I haven't done any performance measurements, as it should stay about the same. The only possible speed improvements can come from 1. lower cache contention, 2. less refreshes in some positions (with the lower number of "king squares" as Daniel Shawul mentioned); but the effects are miniscule.
Less refreshes? I don't follow how that is possible. Movement from sq A -> B forces a refresh always, I would imagine? Even if A ends up being the same as B after the mirroring, you still need to refresh since now all pieces on the board need to updated to reflect the mirroring change?

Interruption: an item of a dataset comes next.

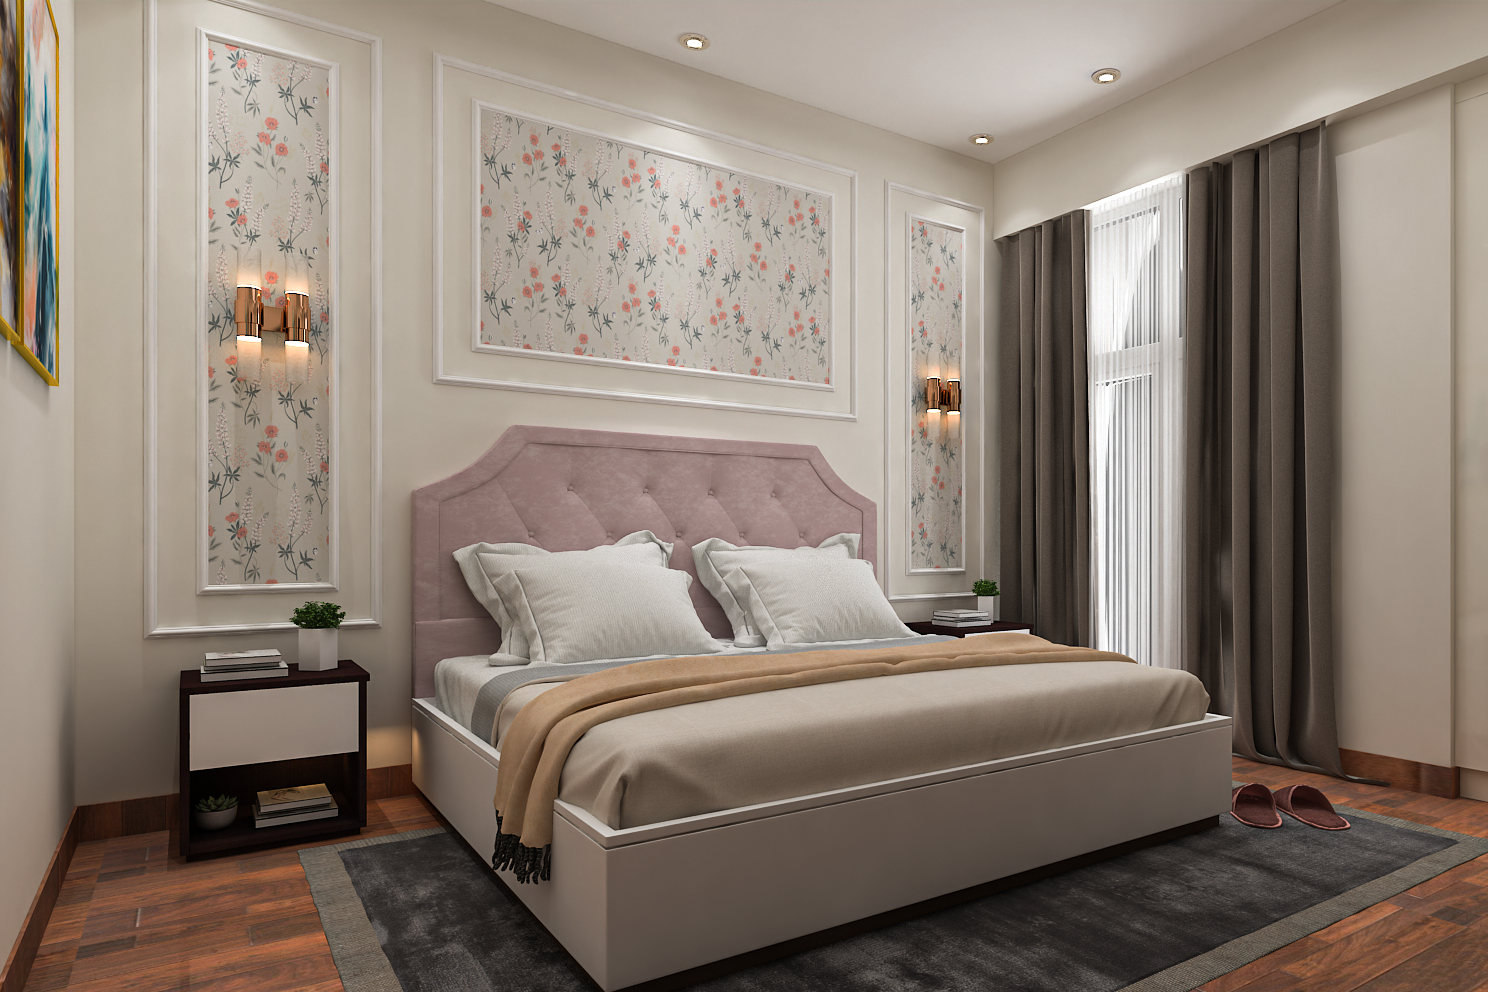 Classic Style Master Bedroom Design With Pink Headboard

I mean when the Daniel Shawul's "less king squares" is applied, where some some square clusteres share a king bucket. For example I used this without much loss in strength:

Code: Select all

KingBuckets = [ // order is A1 ... H1 ... H8
  24, 25, 26, 27, 28, 29, 30, 31,
  16, 17, 18, 19, 20, 21, 22, 23,
  12, 12, 13, 13, 14, 14, 15, 15,
   8,  8,  9,  9, 10, 10, 11, 11,
   4,  4,  5,  5,  6,  6,  7,  7,
   4,  4,  5,  5,  6,  6,  7,  7,
   0,  0,  1,  1,  2,  2,  3,  3,
   0,  0,  1,  1,  2,  2,  3,  3
];
I read you also initialise all weights to zero. Coupled with the bog-standard factoriser, this is also going to help (a lot) for the weight space of, say, wK=a8 which I doubt learns anything very much. ie the factoriser doesn't just help generalisation, but coupled with zero initialisation it prevents a lot of stupidity.